По воскресеньям Сергей с Ванюшей ходят на добровольные работы – чтобы посмотреть город и добыть хлеба. Во время одной из таких вылазок они уходят довольно далеко, чем привлекают к себе внимание немцев. Вдогонку за ними посылают патруль. Лишь благодаря уверенному поведению Ванюши при обыске у них не замечают пистолеты. Для Сергея Ванюша – образец для подражания, он ищет его уважения, но полной доверительности так и не появляется. За несколько недель до конца войны в лагере появляются власовцы, от которых немцы стараются избавиться. К ним неприязненно относятся и русские, и немцы. Герой с интересом наблюдает за ними, затравленными, предавшими и преданными.

Самое главное в течение последних недель перед победой – ожидание расстрела: ходят слухи, что немцы никого в живых не оставят. Именно на этот случай в лагере и накапливается оружие. Весной 1945-го уже мало работают, очень много времени заключенные проводят в бомбоубежище – союзники бомбят Германию. Однажды ночью лагерники пытаются казнить старшего мастера. Пленные и Сергей выбираются из лагеря, доходят до его дома, но предприятие оканчивается неудачно.

Через несколько дней в лагерь приходят американцы. Описываются «сумасшедшие воскресные дни освобождения. Невидимый под солнцем огонь трещал на лагерном плацу. Горело сухое, травленное нашим дыханием дерево —.бессонные лагерники жгли вытащенные из бараков нары. Рушилась с танковым лязгом империя, а здесь была такая тишина, что слышно было, как солнце светит».

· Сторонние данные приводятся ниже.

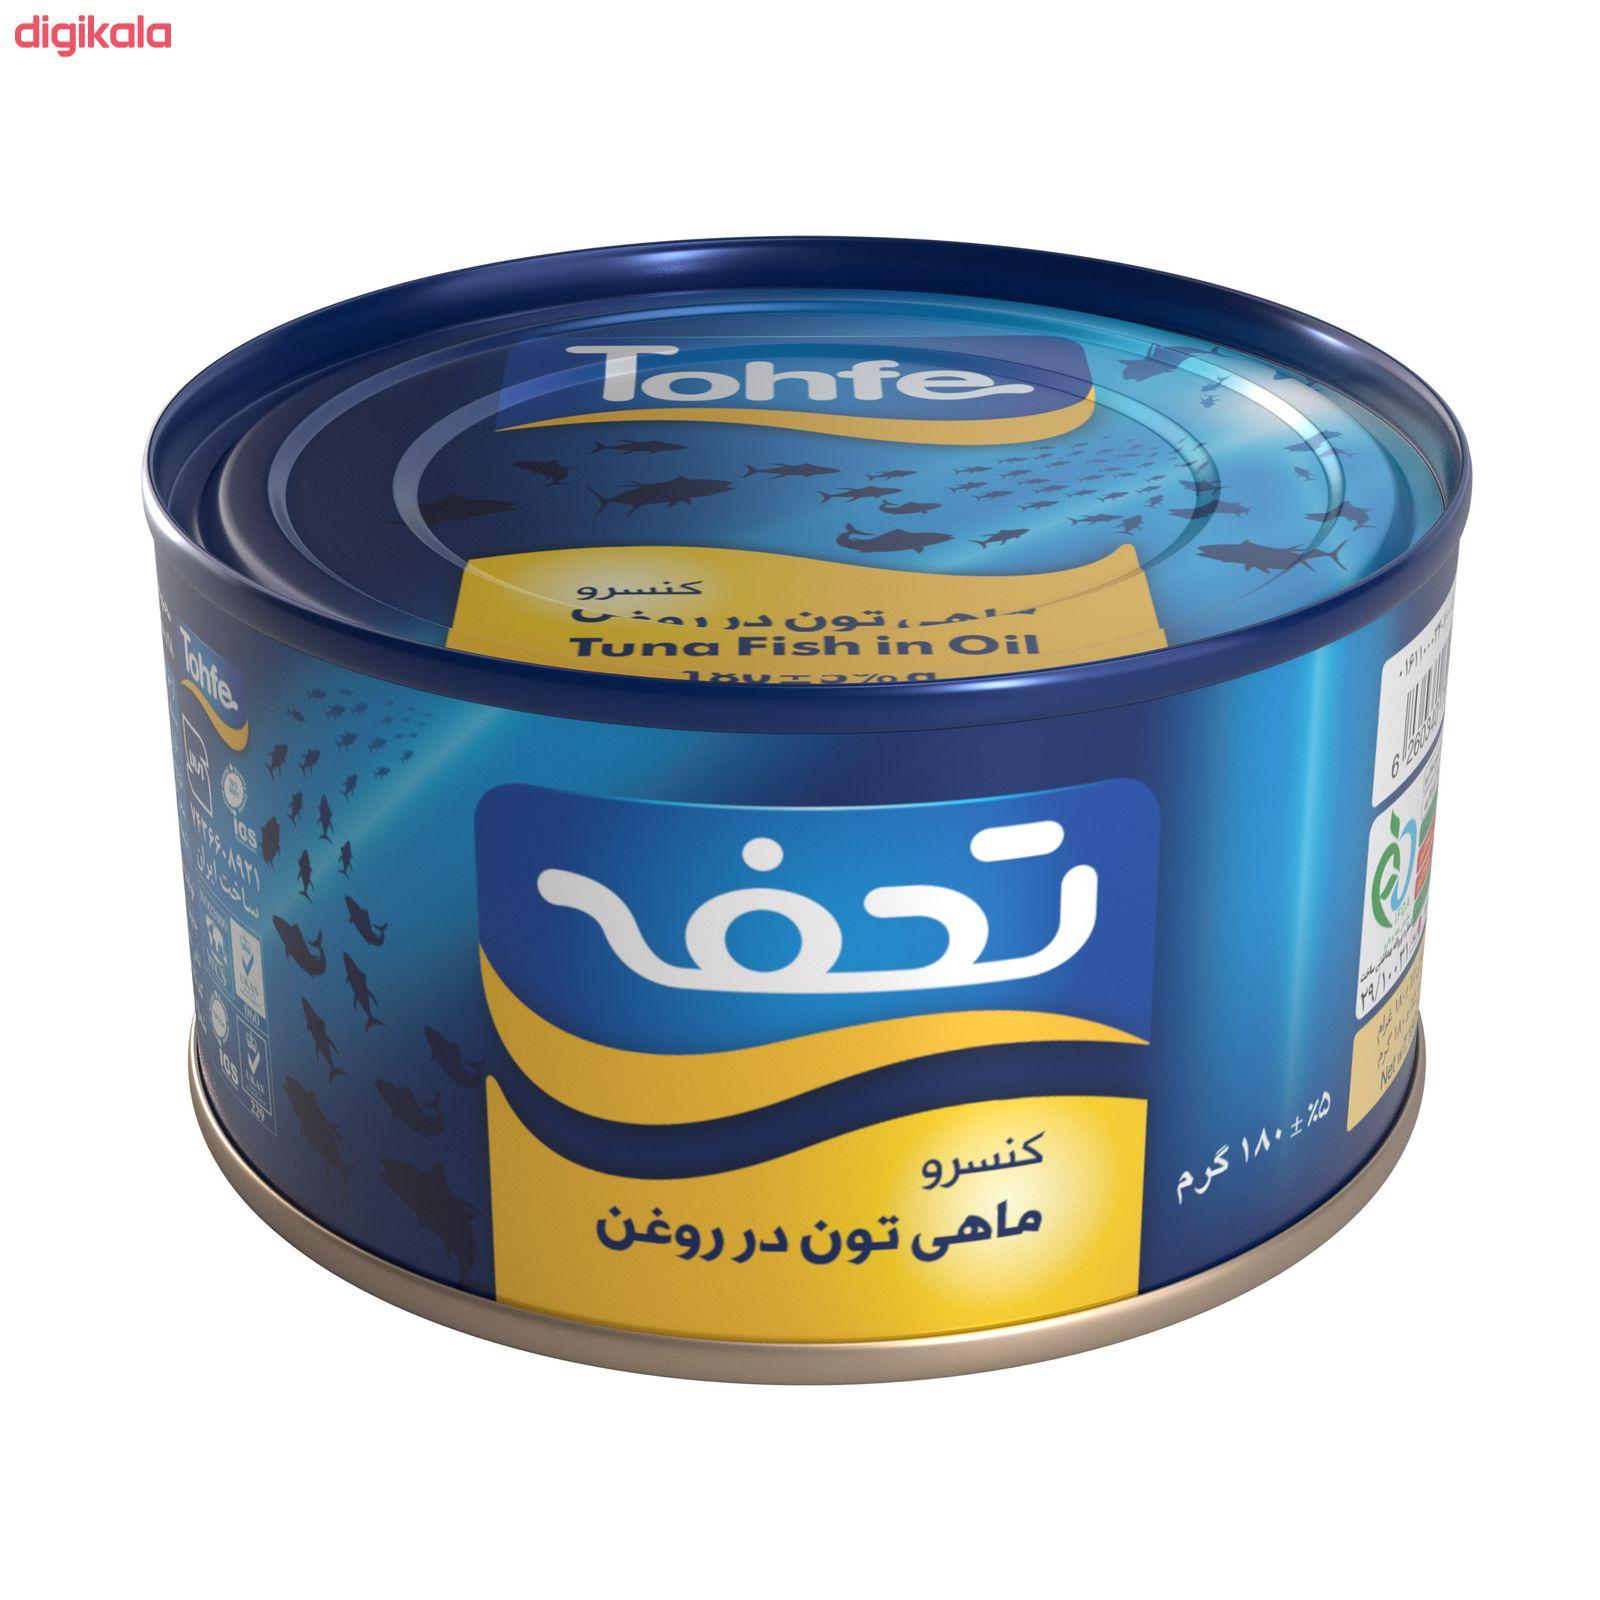 کنسرو ماهی تون در روغن تحفه - 180 گرم main 1 4

Сергей с приятелями пробираются из американской зоны оккупации на восток – к своим. Они проходят

через толпы обезоруженных немцев, чувствуя их ненависть к себе. В одну из ночей их чуть не убивают. Странствия по американской территории длятся до августа 1945-го, пока под Магдебургом их не передают русским. «К новому, 1946 г. я был дома. Вернулся с ощущением, что знаю о жизни все. Однако мне потребовалось тридцать лет жизненного опыта, чтобы я сумел кое-что рассказать о своих главных жизненных переживаниях».

Л. А. Данилкин

Юрии Павлович Казаков [1927–1982]

Двое в декабре

Рассказ (1962)

Он долго ждал ее на вокзале. Был морозный солнечный день, и ему нравилось обилие лыжников, скрип свежего снега и предстоящие им два дня: сначала – электричка, а потом – двадцать километров по лесам и полям на лыжах к поселку, в котором у него маленькая дачка, а после ночевки они еще покатаются и домой возвращаться будут уже вечером. Она немного опаздывала, но это была чуть ли не единственная ее слабость. Когда он наконец увидел ее, запыхавшуюся, в красной шапочке, с выбившимися прядками волос, то подумал, как она красива, и как хорошо одета, и что опаздывает она, наверное, потому, что хочет быть всегда красивой. В вагоне электрички было шумно, тесно от рюкзаков и лыж. Он вышел покурить в тамбур. Думал о том, как странно устроен человек. Вот он – юрист, и ему уже тридцать лет, а ничего особенного он не совершил, как мечтал в юности, и у него много причин грустить, а он не грустит – ему хорошо.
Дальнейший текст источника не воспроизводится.